A surprise beneficiary of all this was the pigs, Mary and Isabelle, who found themselves thrown a half bucket of offcuts - the calyx end of fruits, pieces with slug damage and ones which had already gone a bit over for human consumption or beauty. They have no such scruples and hoovered up the fruit with delight. I have invented a new game with them. When I am cutting grass they love to be given a couple of mower-bags full of cuttings to rootle through and, if I get there before they have finished spreading the grass about, I lob in some apples cut into 8ths which disappear in among the grass pile and have to be rootled out by the pigs. It is fascinating to watch how they quarter the ground (or grass pile) with their directional noses. You can see them questing around and then suddenly dive off to their left or right to track down every last, buried piece of apple. They know when it has all gone even though there must still be apple-y smells hanging around, and come back to me to "ask" for more. It's a good game.

Turkeys #3 and #4 coming up to 4 weeks.
We have had to get hold of vet, Aoife, today as the young male cat Soldier has now reached that stage where he is smelling more of tom-cat and has unfortunately started 'spraying' indoors including (foolish boy!) in Liz's favourite chair. Rather than have our house smelling like the proverbial mad cat-lady house, he is now booked in for his op. The downside of this as far as 3 year old Westie bitch Poppea is concerned, is that she gets to be part of the package, and she too, will be spayed.

The Gang of Four. 
We had been happy to keep her entire, though we had no intention of breeding from her and could cope with the 7-monthly 'events' (at least we knew what stage she was at as she did the behavioural changes, the blood spots and the change to straw-coloured discharge in text-book fashion). The locals, though, do not in the main, believe in confining their dogs, which are to a man, allowed free run of the garden and nearby streets. When we walk on-heat Poppea down the lane for that week we are inadvertently laying a scent trail from the village right back here and we attract a regular supply of the local 'bowsies' coming to see what this hot woman is like. Unfortunately our sheep do not like strange dogs coming around (though they are now well used to ours) and get very nervous. They start running around and trying to get some distance between them and the dog, even though the dog is (so far) completely un-interested in the sheep. There is a risk that they will try (or even succeed in) jumping fences and hurt themselves on barbed wire or (in Feb/March) miscarry or abort their lambs, so it is much simpler if we do not have visits from stray dogs. Sorry Pops, but that is just how life is.

In the sheep dept, I think I have mentioned that we have bought (but not yet seen) a third ewe with lamb at foot, from our chum Mayo-Liz.
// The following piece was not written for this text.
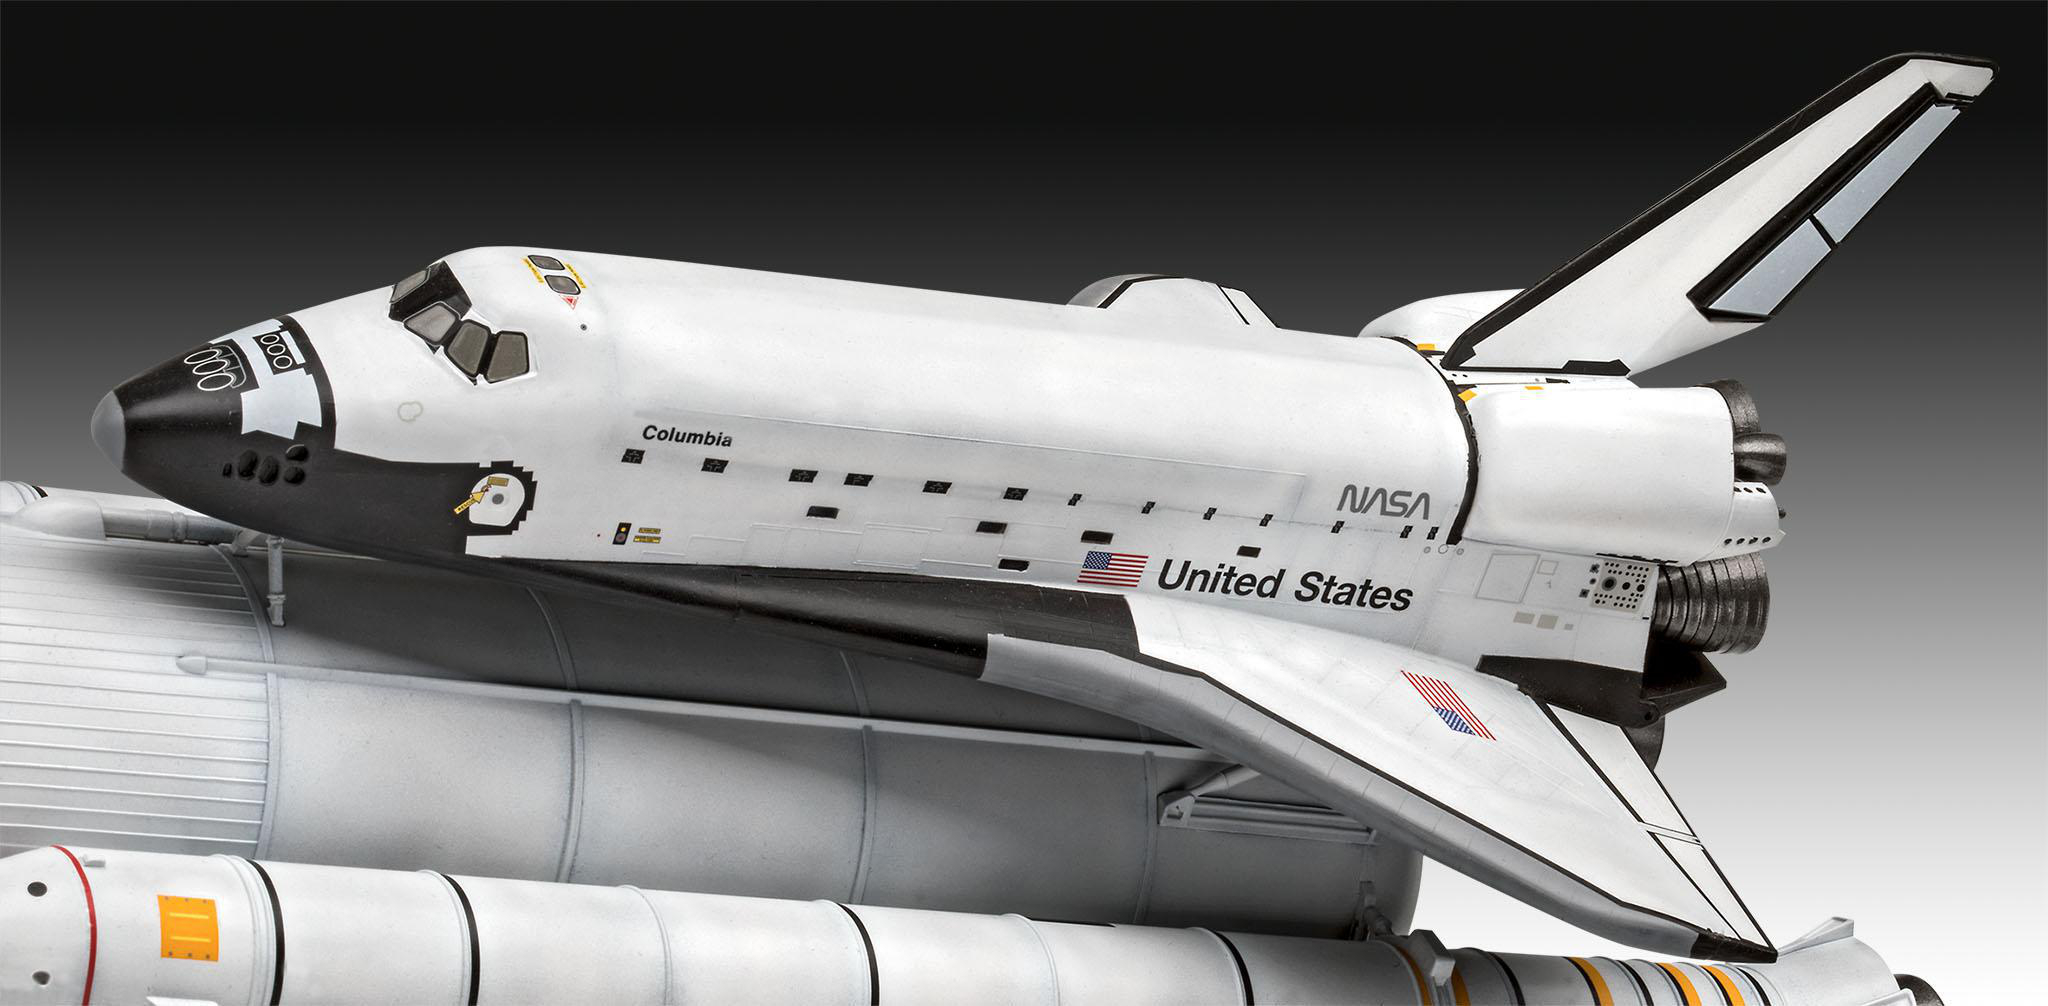 REVELL Geschenkset Space Shuttle& Booster Rockets, Modellbausatz, Mehrfarbig 40th

This might not seem sensible but Mayo-Liz is well inside our "trusted supplier" category as she also supplied us with Polly and Lily. I have now had the tow bar moved across from the old car to the new, so we can now pull the trailer again. I have been able, then, to contact Liz who wanted a few days notice to seperate the new sheep from the flock down in the bottom field and we await her call to say that they are ready and we can nip across and collect. We just need a name. Polly (Garter) and Lily (Smalls) are named after 2 female characters in Dylan Thomas's 'Under Milk Wood' as it was an anniversary of DT when we bought those two. I should probably go back and check UMW to see are there any more ladies names in that story.